How we made our AI code review bot stop leaving nitpicky comments

Approach to reducing nitpicks (embeddings & KNN)

  • Many commenters find the final solution (embedding comments and doing KNN-style similarity filtering) plausible, even if “hacky.”
  • Some note this is effectively a simple classifier; suggest trying other ML models (random forest, XGBoost, small neural nets) on top of embeddings.
  • Idea of a “universal nit” via averaging embeddings across customers is proposed; authors say they’ll try it and already combine upvoted/downvoted sets to reduce false positives.
  • Concern raised that clustering might incorrectly suppress comments about specific modules/classes if many prior comments there were downvoted.

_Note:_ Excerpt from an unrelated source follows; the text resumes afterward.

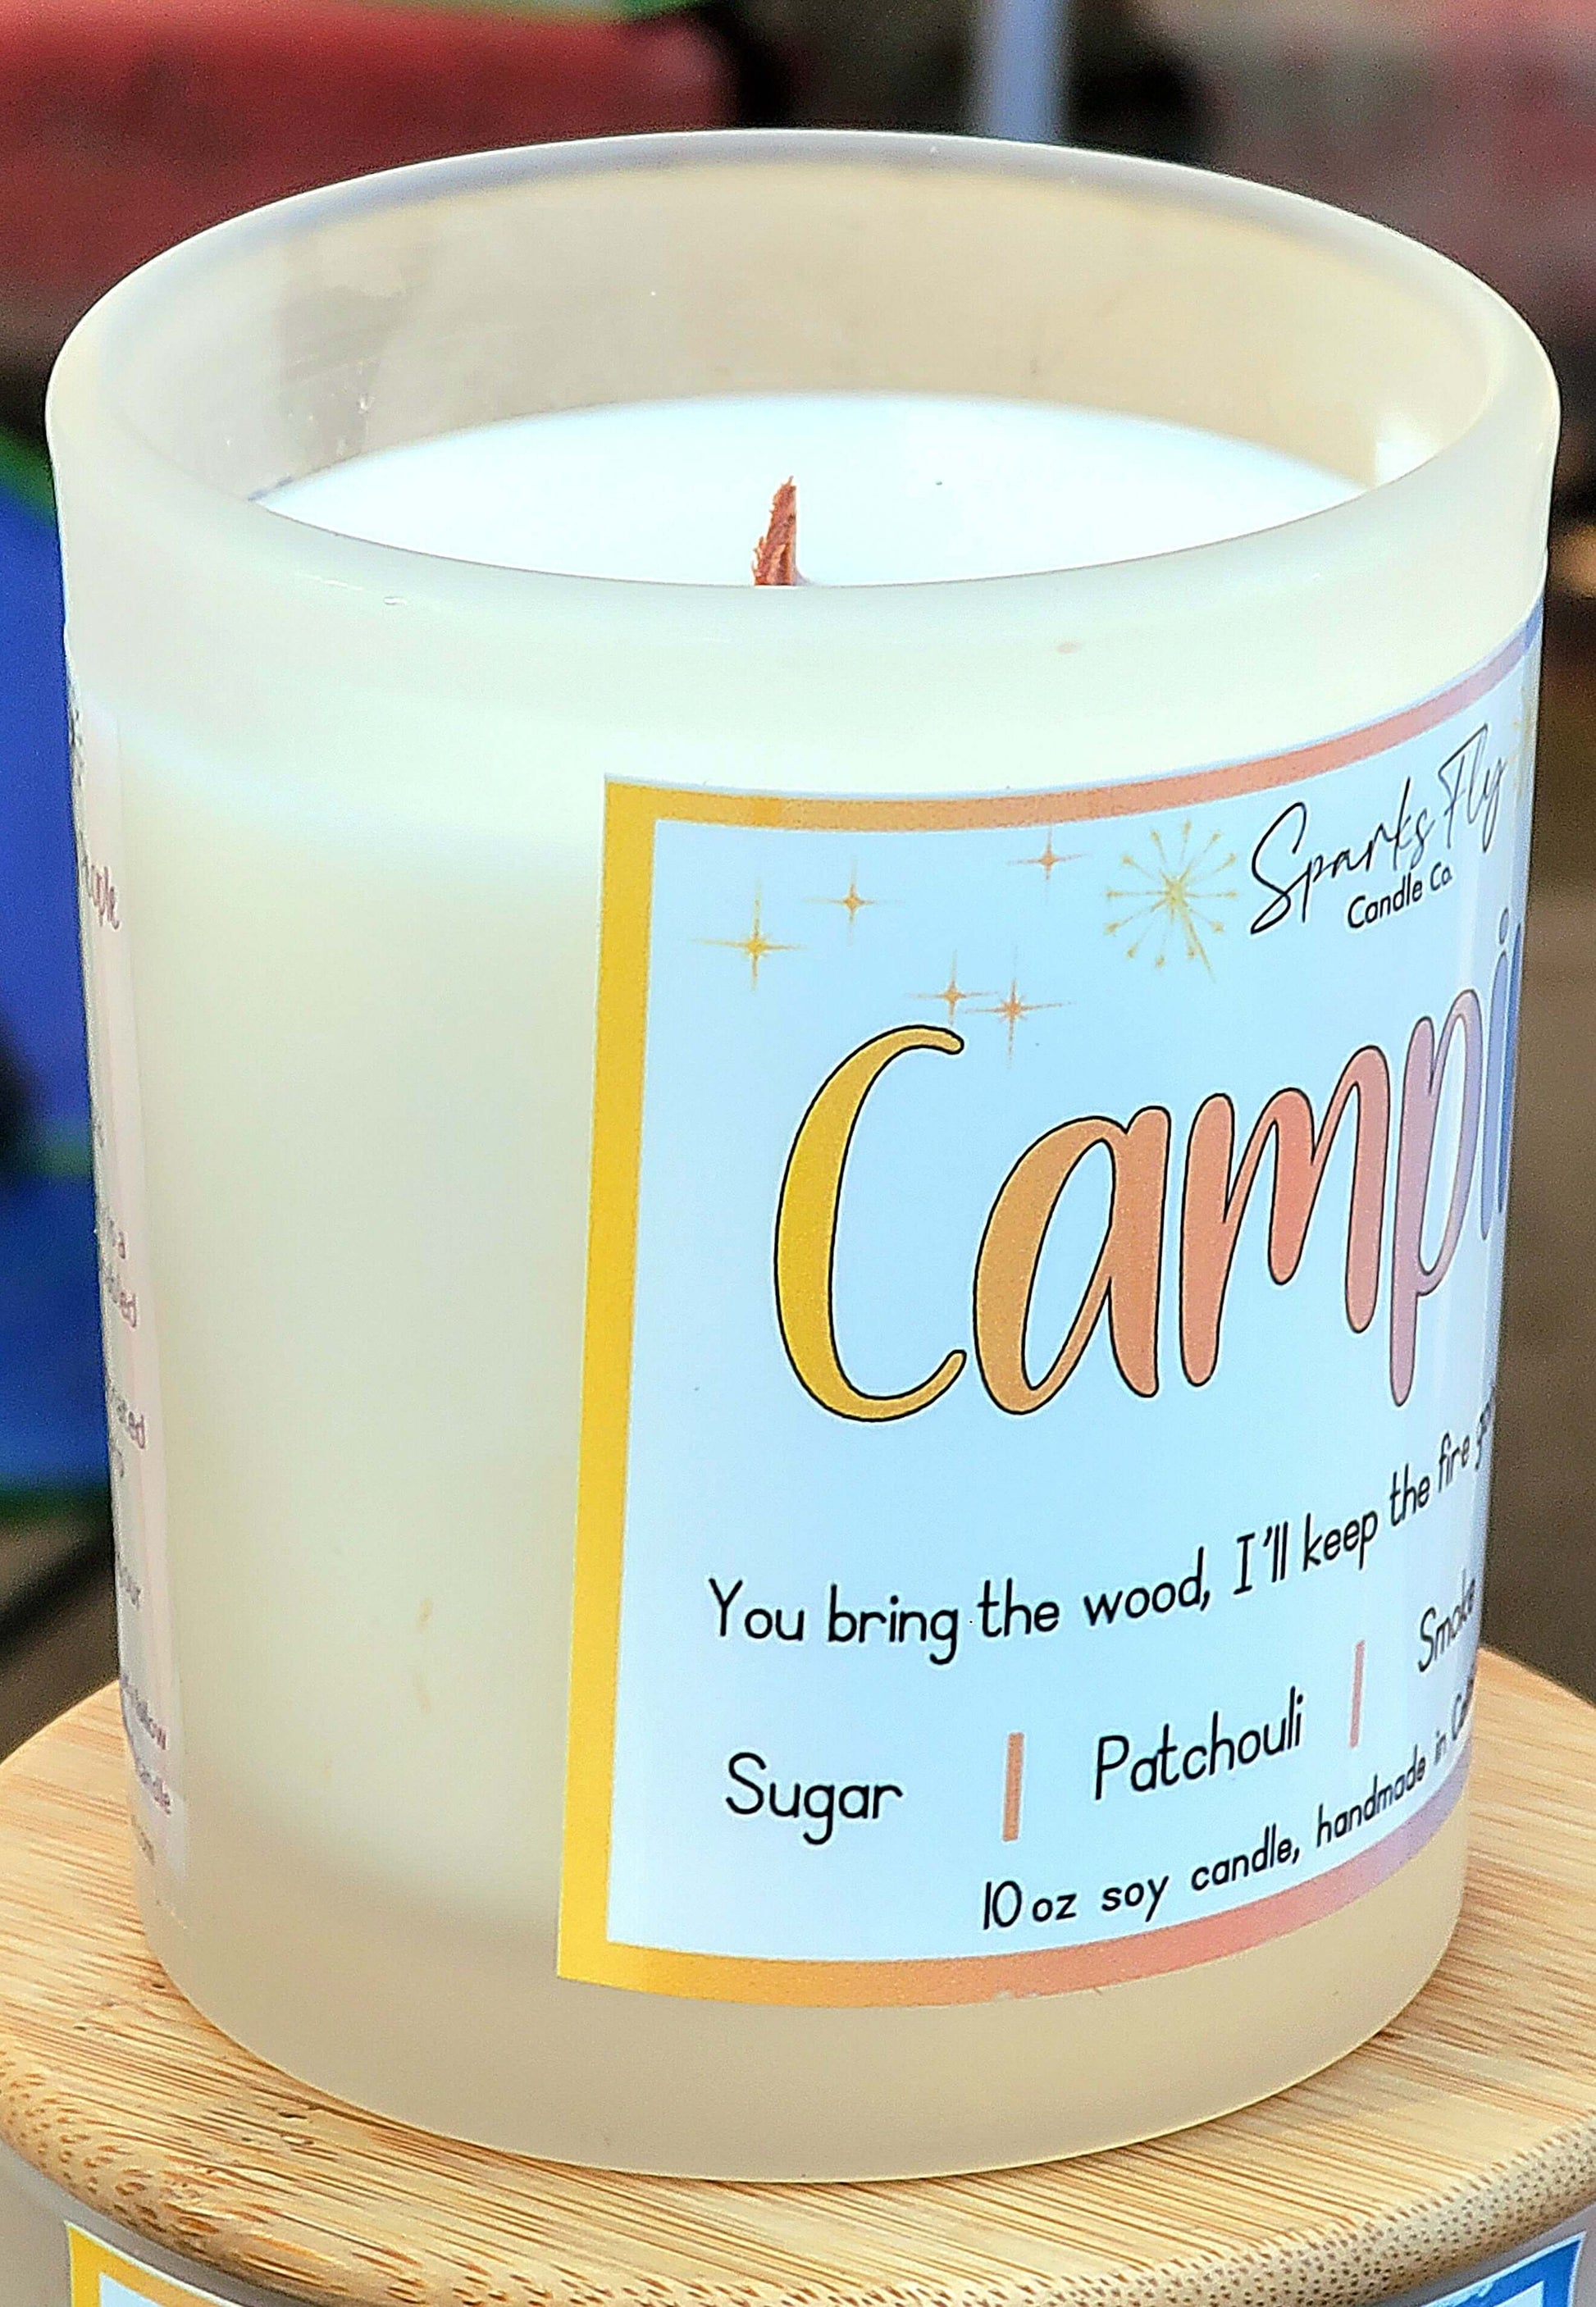 Camping sassy candle; humorous design hinting at campfire warmth and lasting memories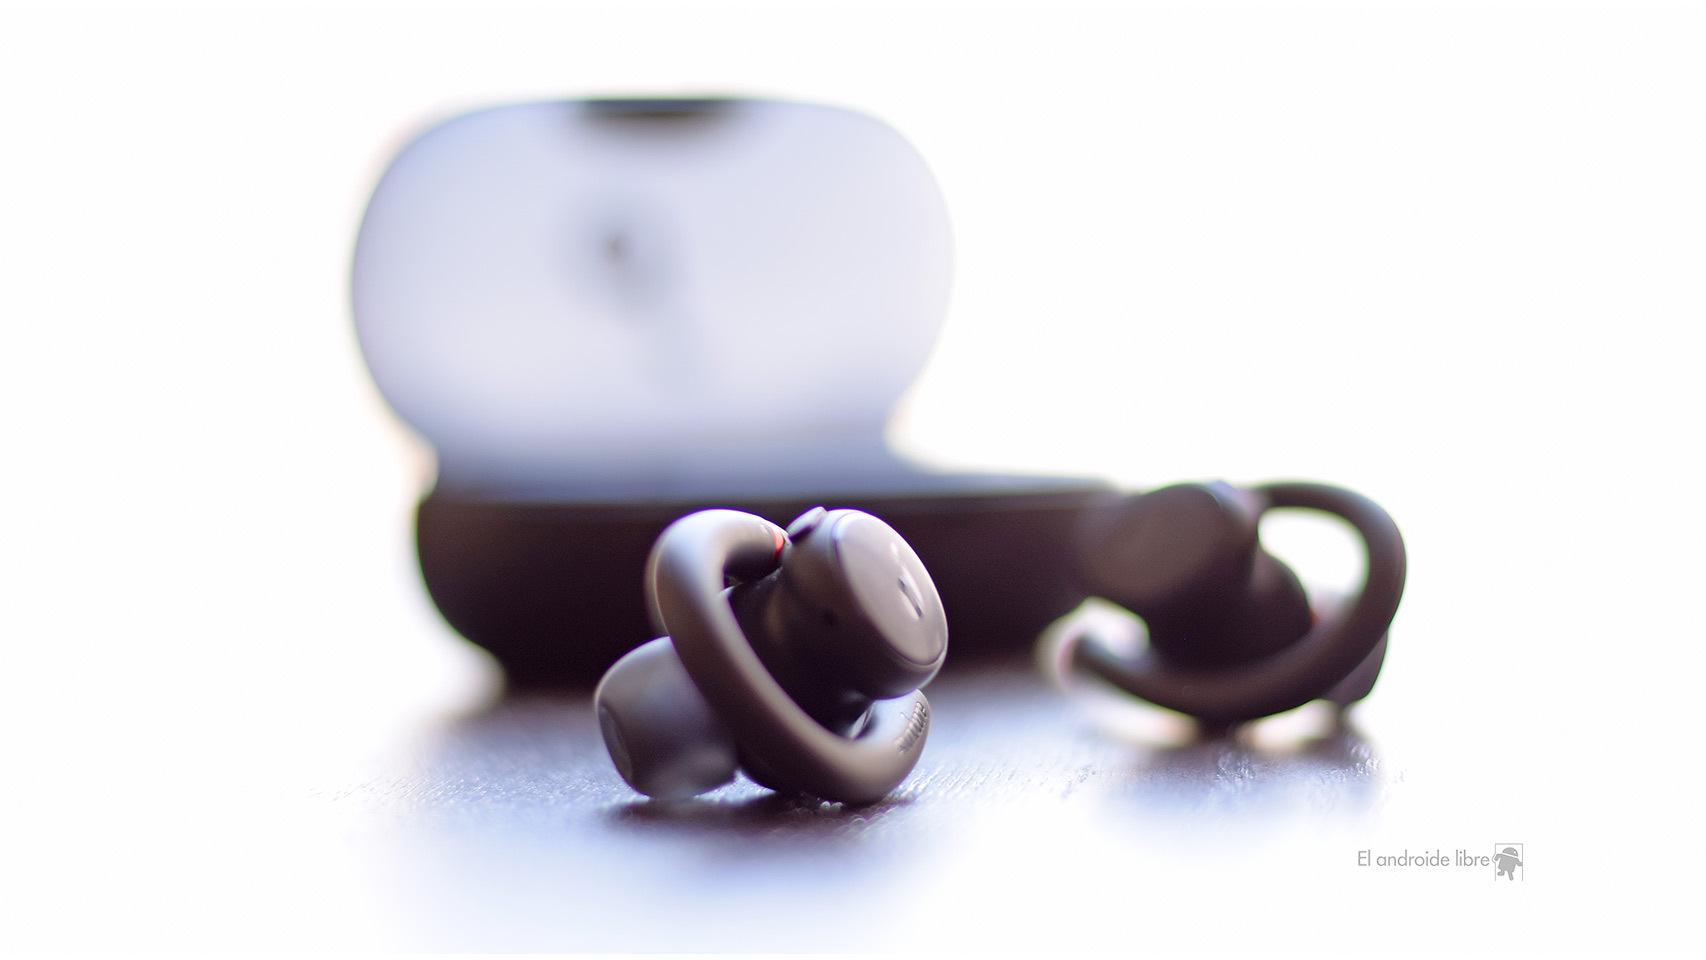 SoundCore Liberty 3 Pro, análisis: calidad brutal y la mejor app móvil para  unos auriculares

Prompting vs post-hoc filtering

  • Several argue the problem “should” be solvable via better prompting, including:
    • Clearer definitions instead of “nits” (e.g., “stylistic/pedantic/trivial comments”).
    • Explicit severity labels at the end of responses.
    • Chain-of-thought plus tagging nitpicks for removal in a second pass.
  • Others report similar experiments with severity scores and LLM-as-judge that still misclassified important issues as nitpicks.
  • Discussion of known failure modes: action bias, long-context confusion, ambiguous wording, conflicting instructions.

What counts as a nitpick?

  • Strong disagreement on whether the article’s example is actually a nitpick; some see it as important for long-term maintainability.
  • Many emphasize that nitpickiness is context- and company-dependent, and even the same comment can be trivial in one PR and crucial in another.
  • Some suspect ego or “ship fast” culture may drive pressure to label valid criticism as nitpicking.

Usefulness of AI code review bots

  • Mixed views:
    • Supporters see value as a first-pass “extra pair of eyes” that catches style, duplication, and obvious problems before human review.
    • Critics report high noise, hallucinated issues, and little real benefit compared to linters and human review; fear juniors over-trusting AI feedback.
    • Several argue code review is precisely where human judgment, knowledge-sharing, and mentoring are most important.

Linters, alternatives, and metrics

  • Debate whether AI review adds more than well-tuned linters/formatters; proponents point to more nuanced, context-aware rules.
  • Others say overly complex rules are themselves the problem.
  • Metric choice criticized: “percentage of comments addressed” may reward leaving fewer comments; suggestions include normalizing by files or lines changed.

Pricing & incentives

  • Some see the quoted per-file/per-dev pricing as expensive, especially for lower-wage markets or cash-strapped orgs; others note it’s a small fraction of developer salary.
  • Commenters highlight that LLMs being billed per token may bias toward verbosity, though competition and user instructions can push toward concision.